┌─ Supplied entries
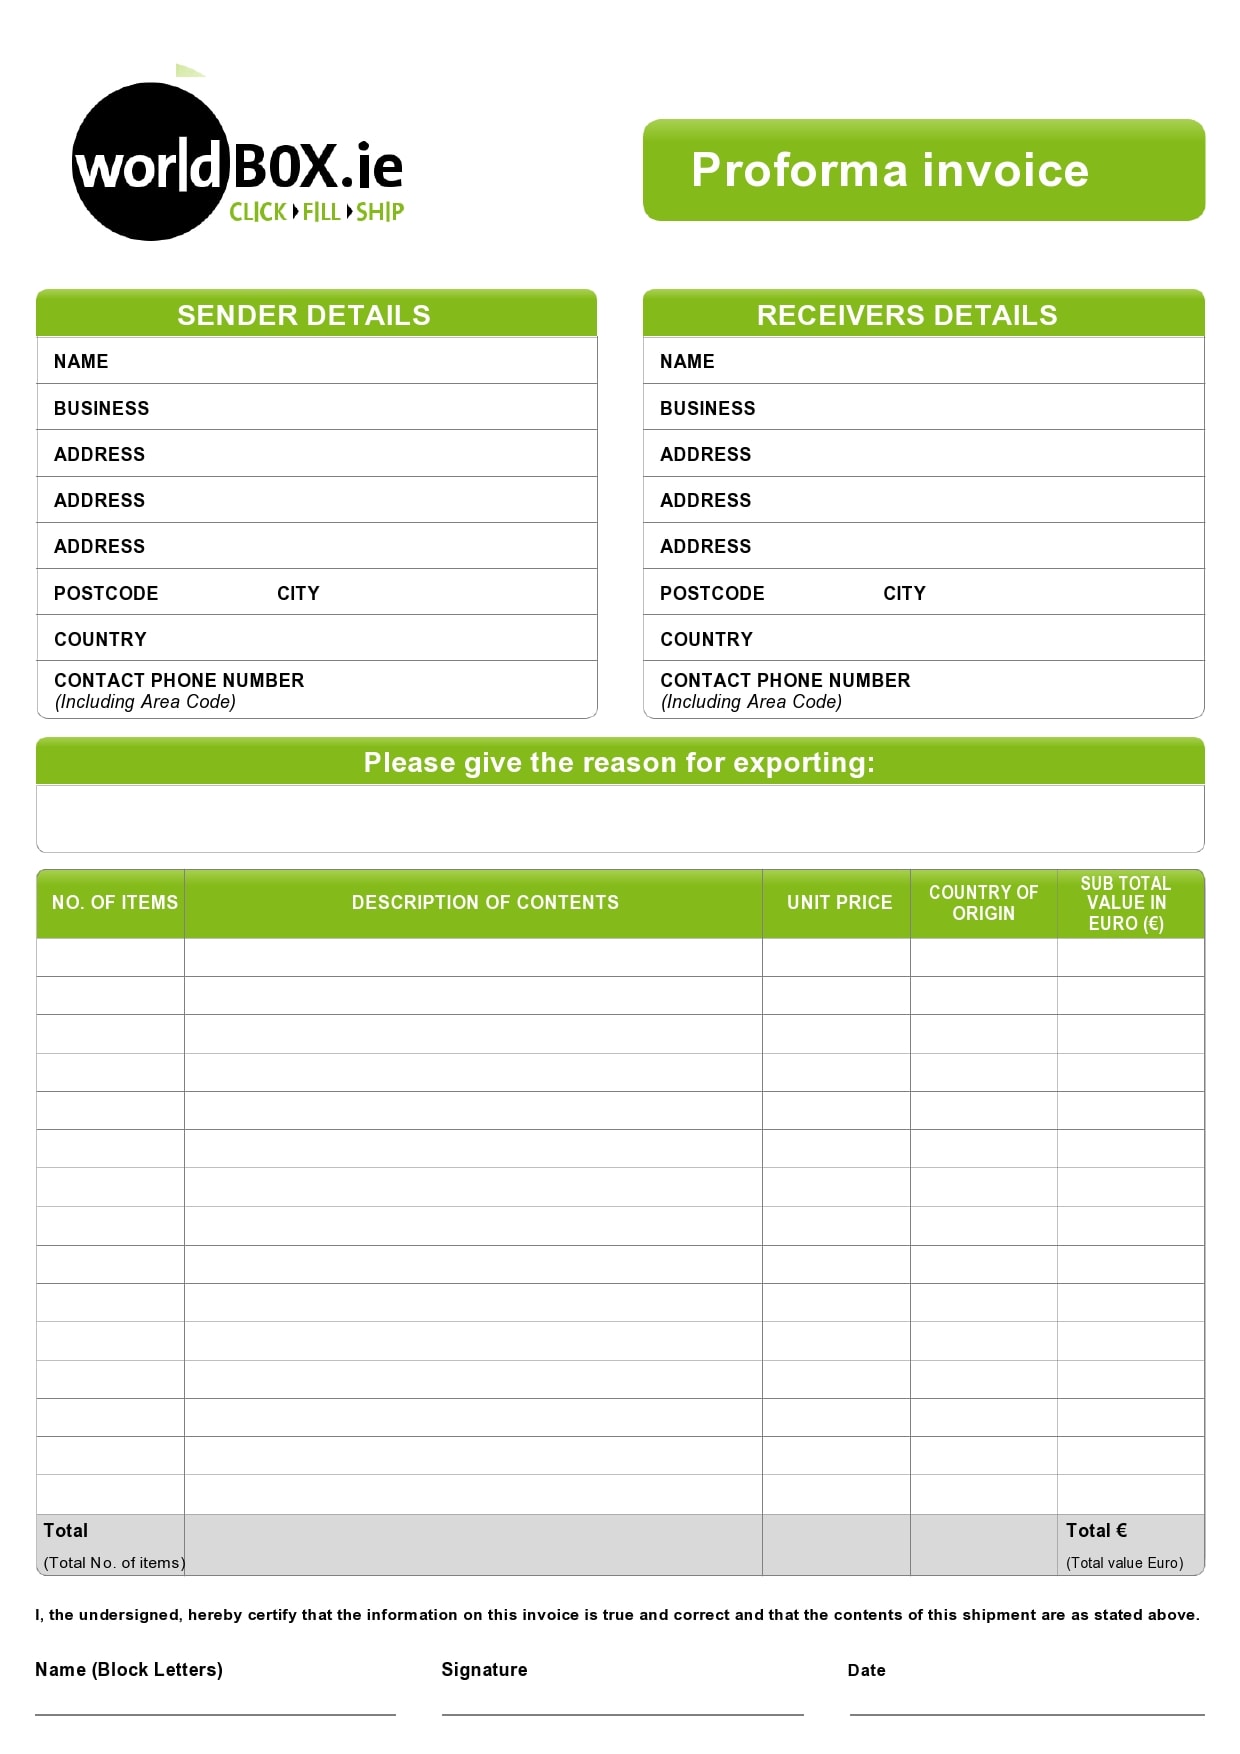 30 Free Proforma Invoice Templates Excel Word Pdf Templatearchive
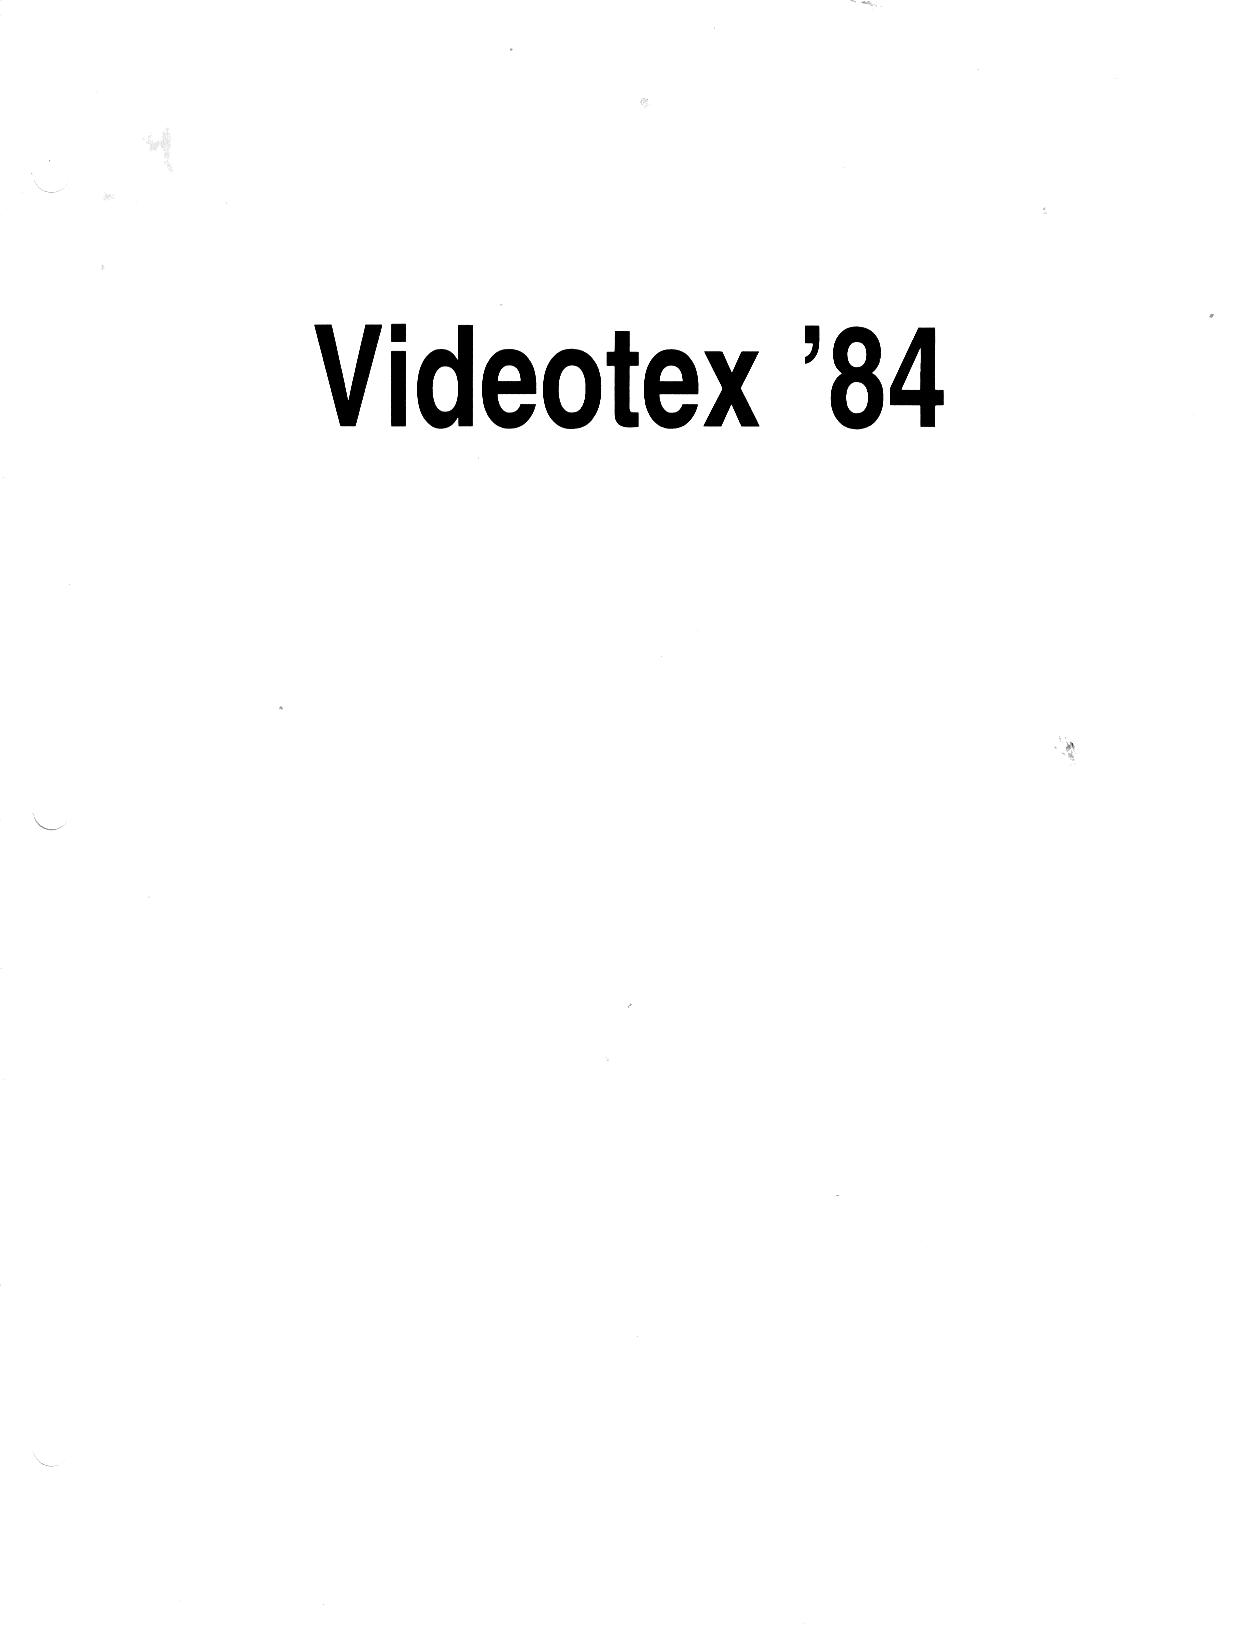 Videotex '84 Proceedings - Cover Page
└─
┌─ Supplied entries
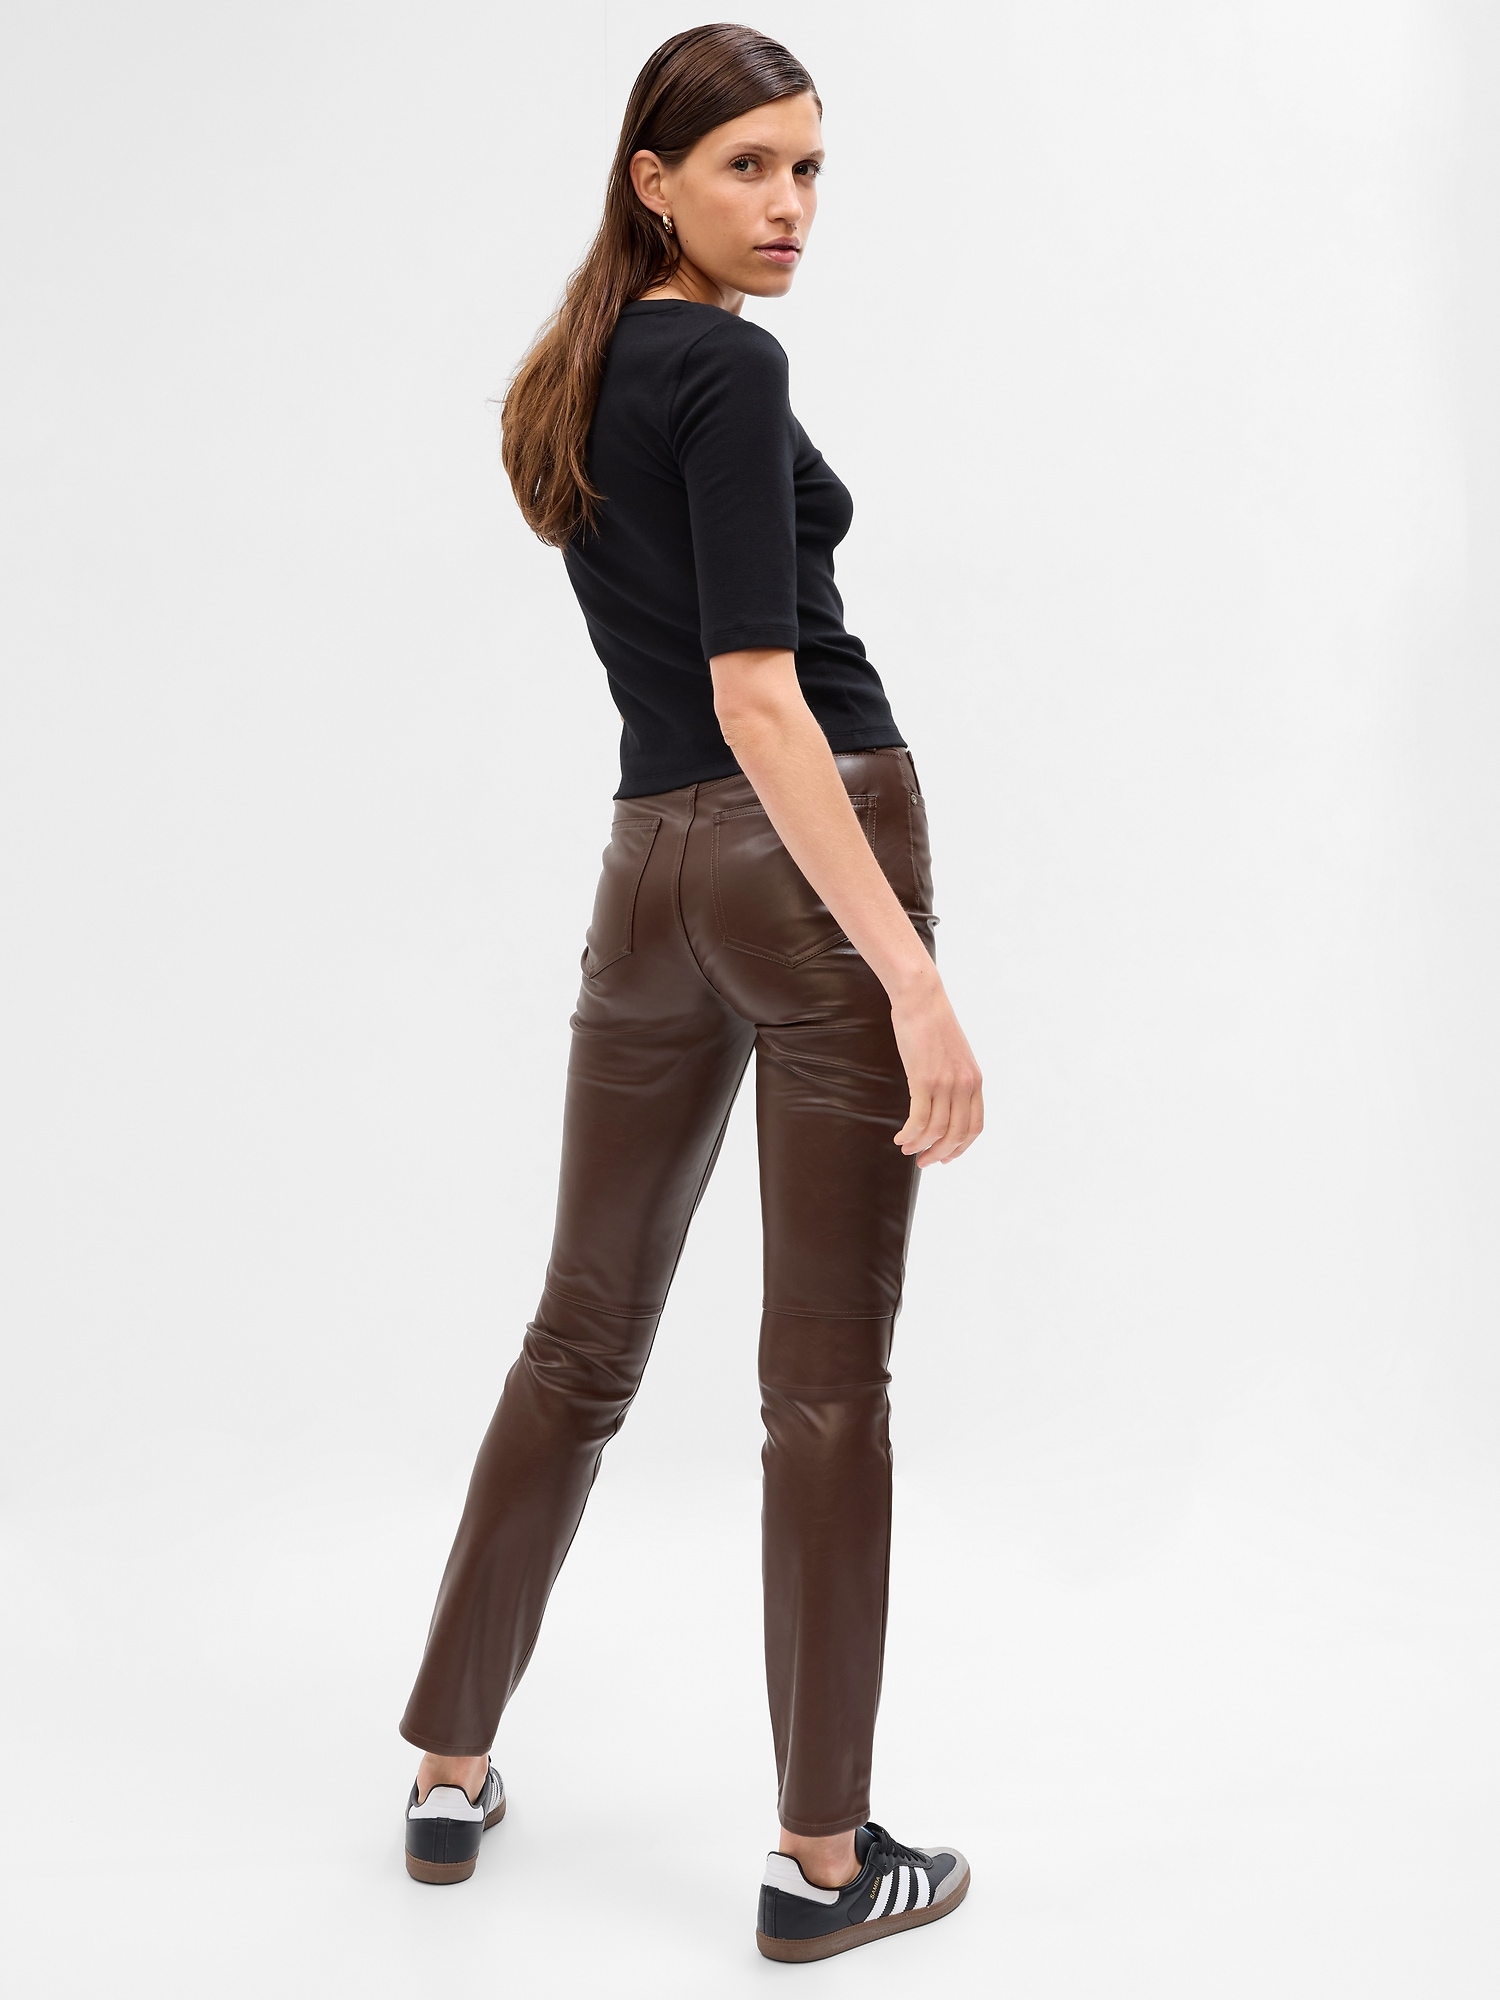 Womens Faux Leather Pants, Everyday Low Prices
└─
Leave the pictures out, and transcribe exactly the lines above starting at the one that contains "30 Free Proforma" and ending at the one that contains "Videotex '84 Proceedings - Cover Page".

• [Response box]:
 30 Free Proforma Invoice Templates Excel Word Pdf Templatearchive
 Videotex '84 Proceedings - Cover Page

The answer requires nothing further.